The policy attempts to integrate vocational education at all levels. ‘Lok Vidya’ or knowledge developed in India would be made accessible to all. All students of grades 6-8 would intern with local vocational experts such as carpenters, gardeners, potters, artists, etc. to develop a vocational craft. A practice-based curriculum for Grades 6-8 would be appropriately designed. This would help the child explore his subjects of interests and also increase his/her chances of employability. It aims at making the education system online and digital.

Expansion of existing e-learning platforms like SWAYAM, DIKSHA etc. is to be ensured.

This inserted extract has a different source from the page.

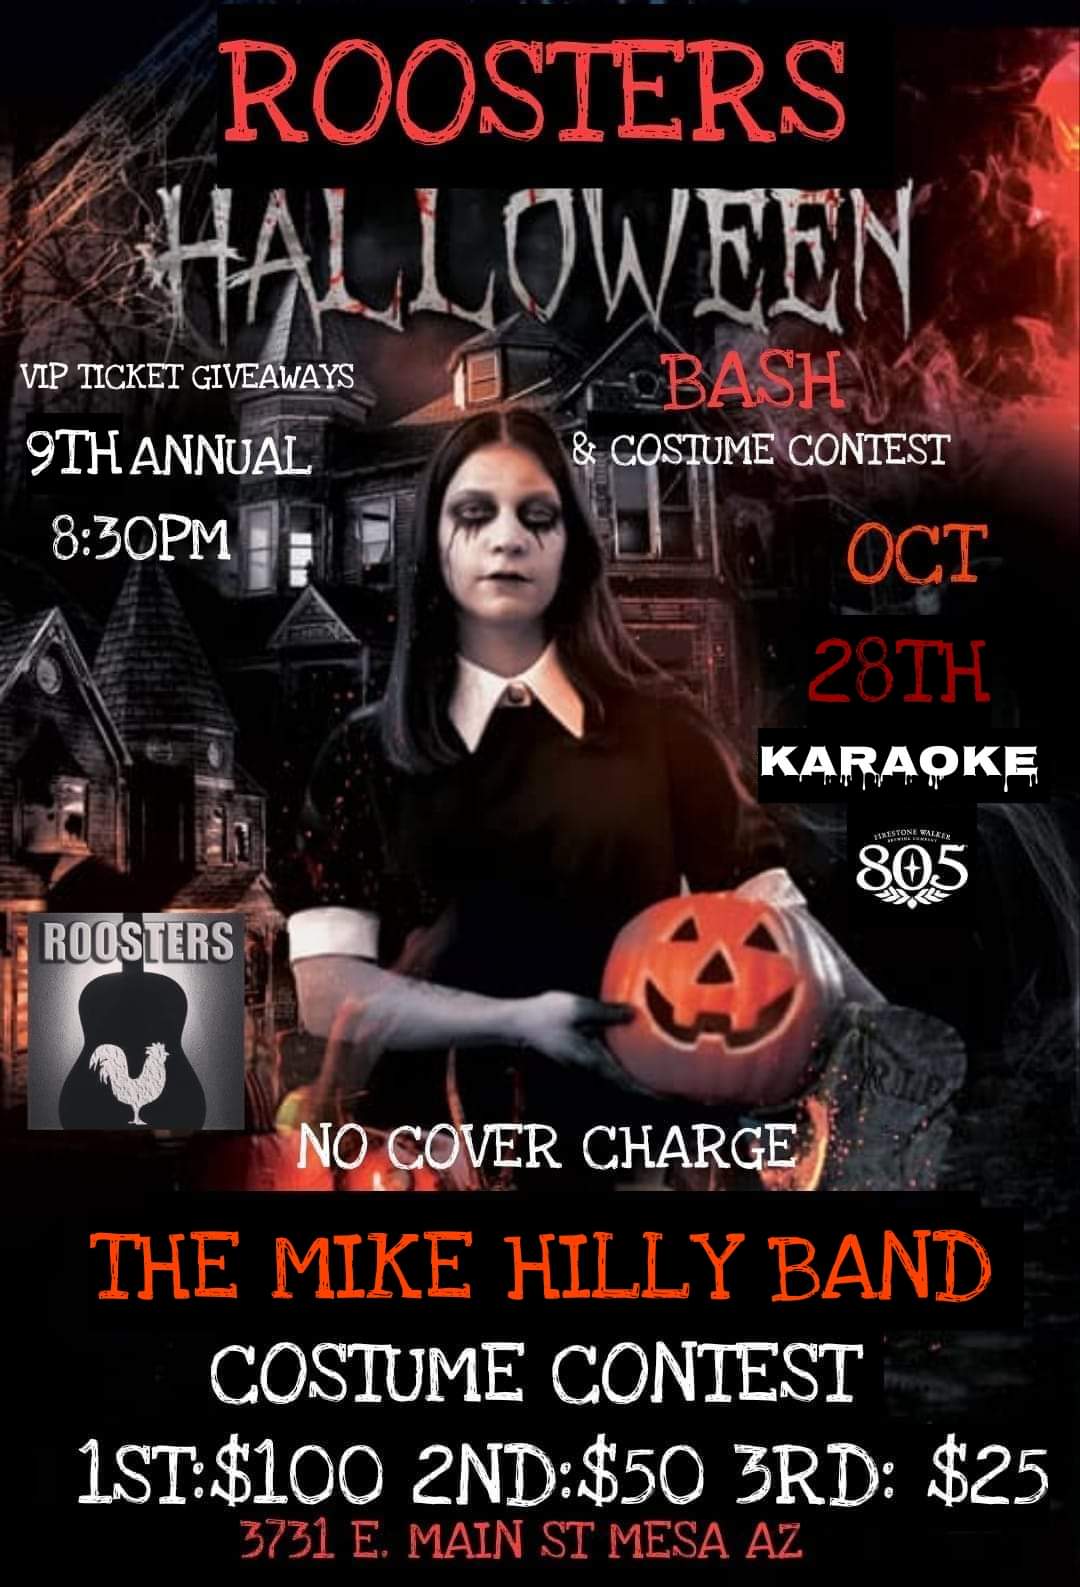 Roosters Halloween Bash – The Mike Hilly Band Live

The policy lends a positive direction to the Indian system of school education. The replacement of the 10+2 structure by the 5+3+3+4 structure is a great leap towards making the learners acquainted with the environment of a school. Earlier pre-school years were not included in the realm of formal education. Children normally went to Anganwadis where they were not properly prepared and hence were not school ready. With the pedagogical structure being broken down into clusters, it would be easier to bring back the drop-outs into the mainstream again. This step would act as ladder to reach the goal of achieving 100% GER.

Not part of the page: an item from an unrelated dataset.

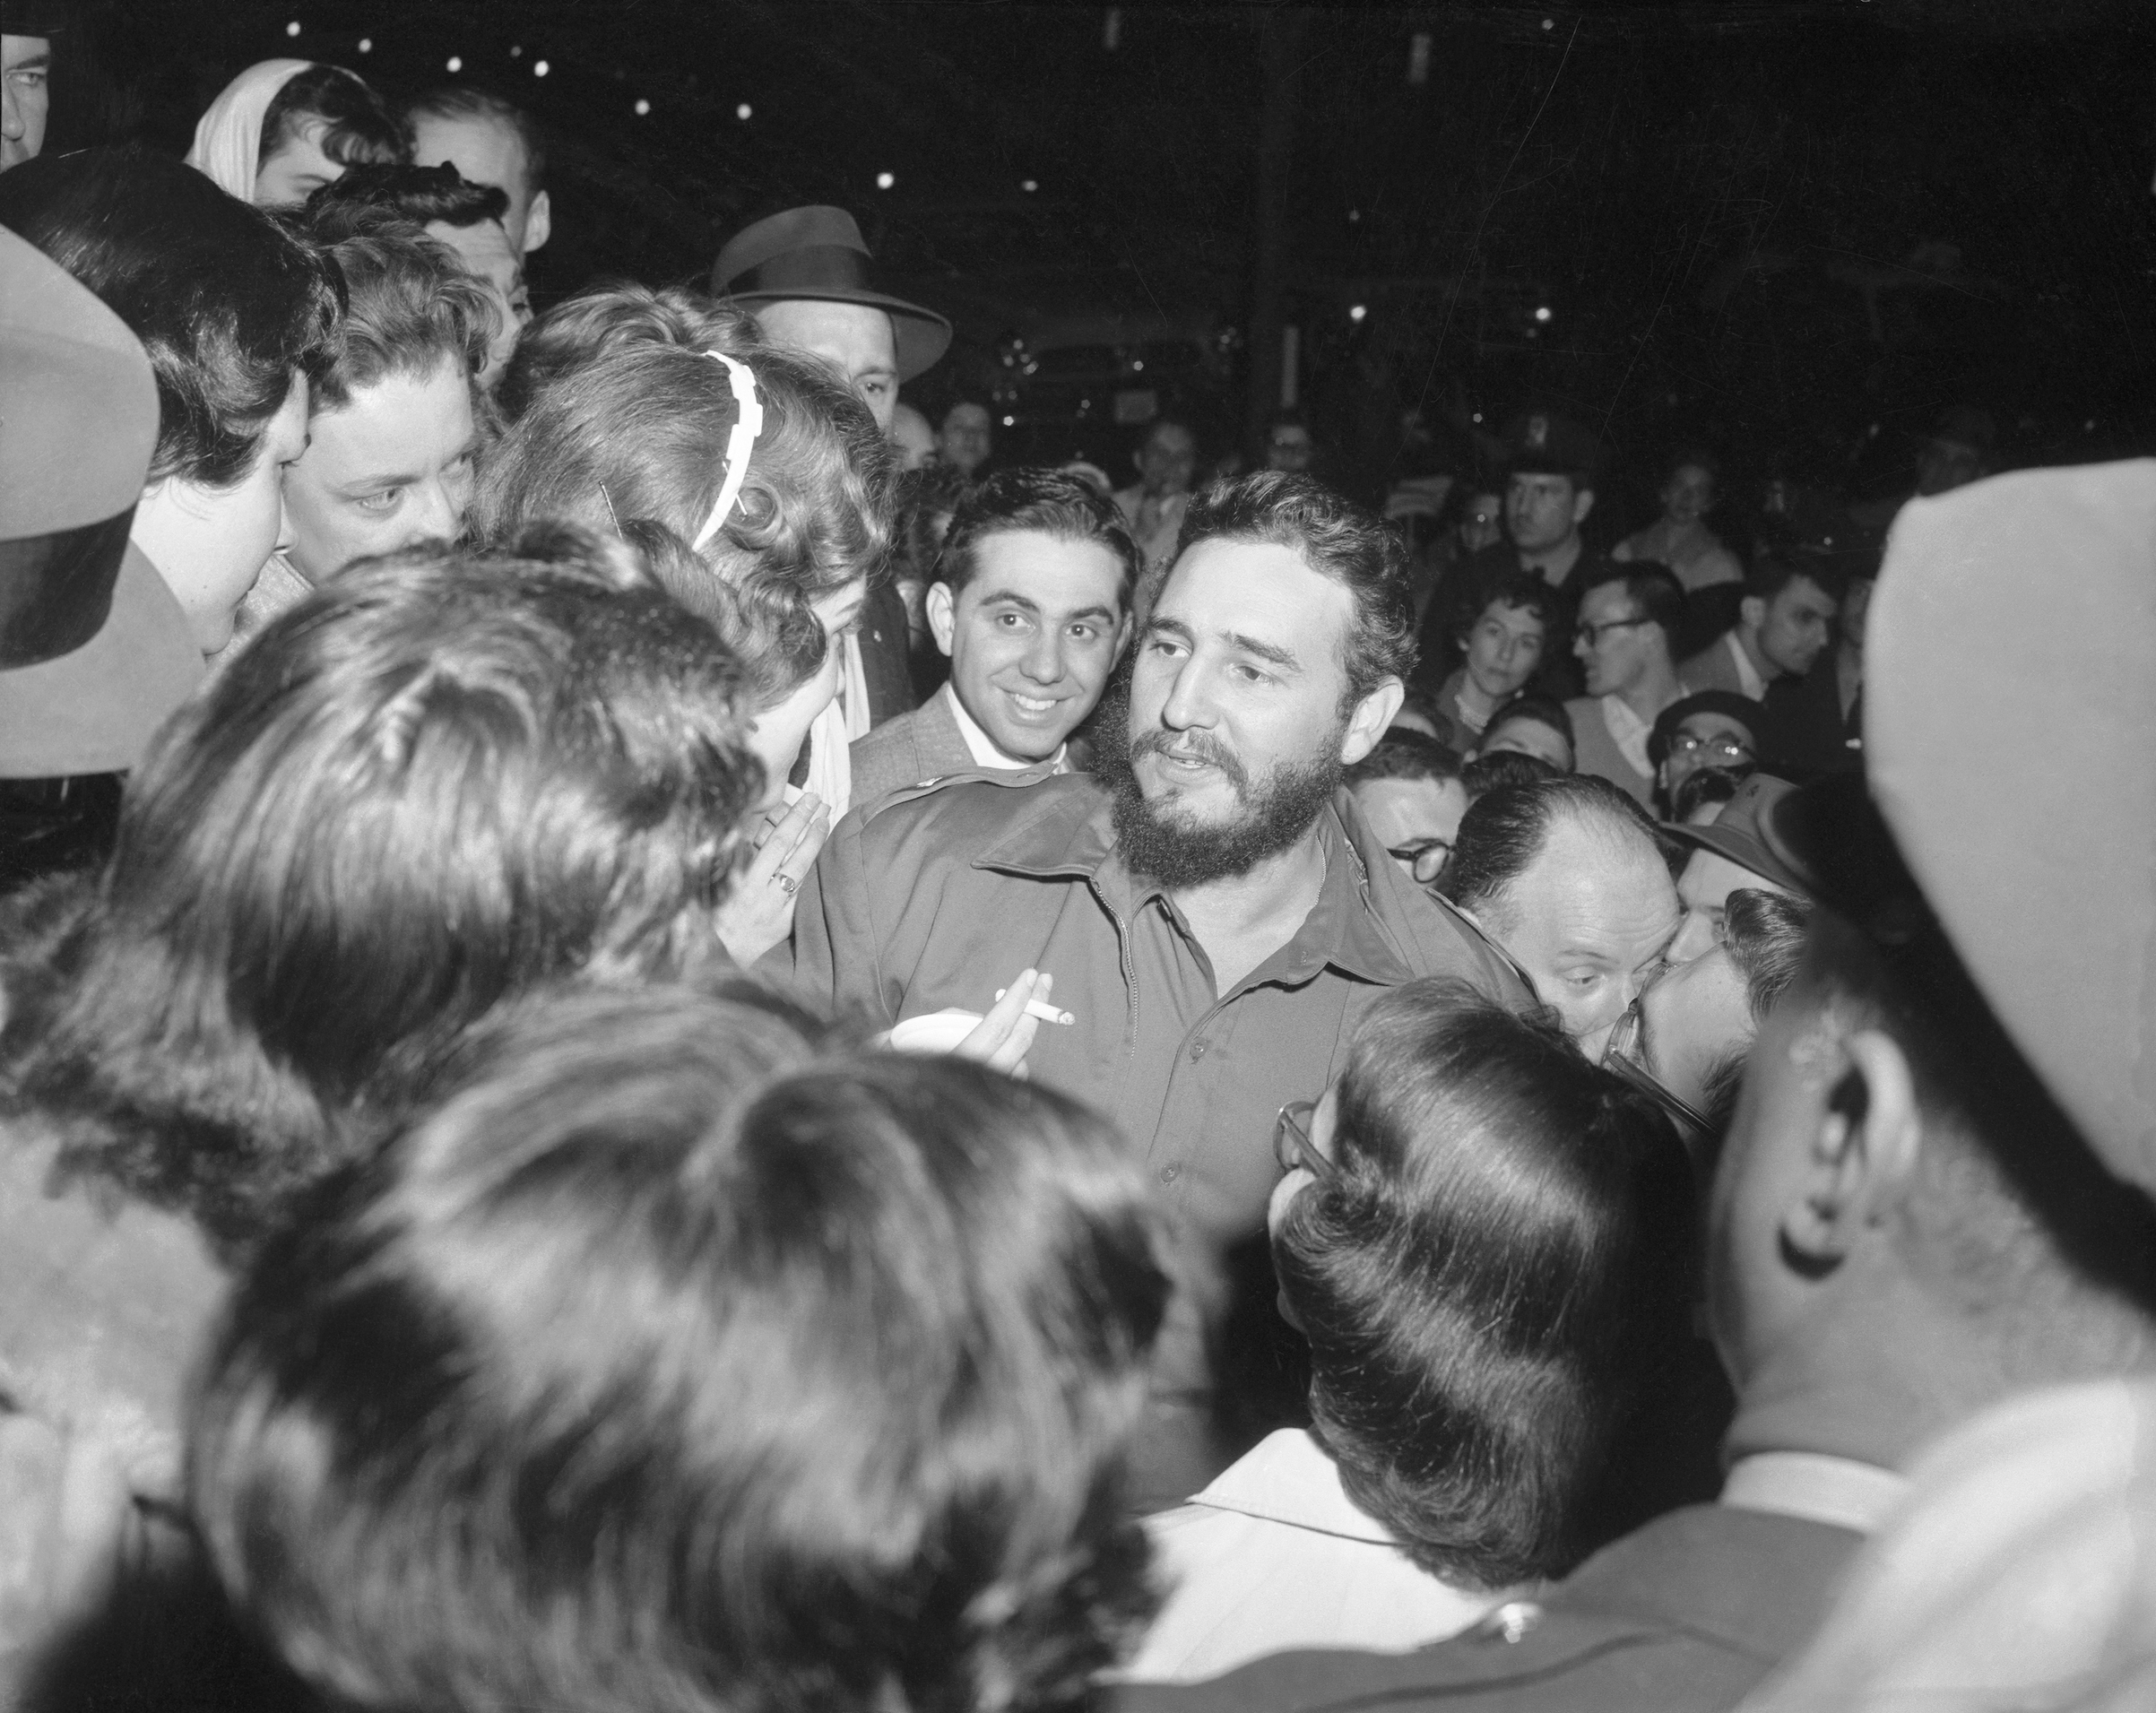 Cuban Prime Minister Fidel Castro greets admirers who waited for him across the street from the Cuban Embassy in Washington, D.C., in 1959. (Bettmann Archive/Getty Images)

English is an operative language. It has often been observed that children who had their mother tongue as their medium of instruction tend to have poor spoken English skills. Hence, provision is to be made that spoken english is also given equal preference as the mother-tongue/home language/local language. The policy speaks about breaking the wall between subjects. Here comes the question of applicability and mindset. For a very long time, people have been grueling between the clear defined divisions of subjects. Whether the pole-apart subject combinations will have any applicability or not is a matter of serious thought and also whether people are ready to take such a risk.

The policy aims at making our learners not only good citizens but also develop them as global citizens. It aims at nation-building. The policy aims to secure India’s future and its leadership role in the upcoming fields. Hence it plans to introduce activities such as coding from middle school, but does not specify how. The introduction of vocational education in the curriculum would help the child explore his/her subjects of interests and also increase his/her chances of employability. The policy plans to digitise learning in India. It would be interesting to watch how the government strives towards achieving this dream. One can only hope that the status of the National Education Policy 2020 is not reduced to ‘Good on paper but poor on ground’ and all political-social-bureaucratic will and resources are used to turn it into a reality.

(Sushmita Debnath is an Intern at Academics4Nation. She is doing MPhil in Geography from Revanshaw University.)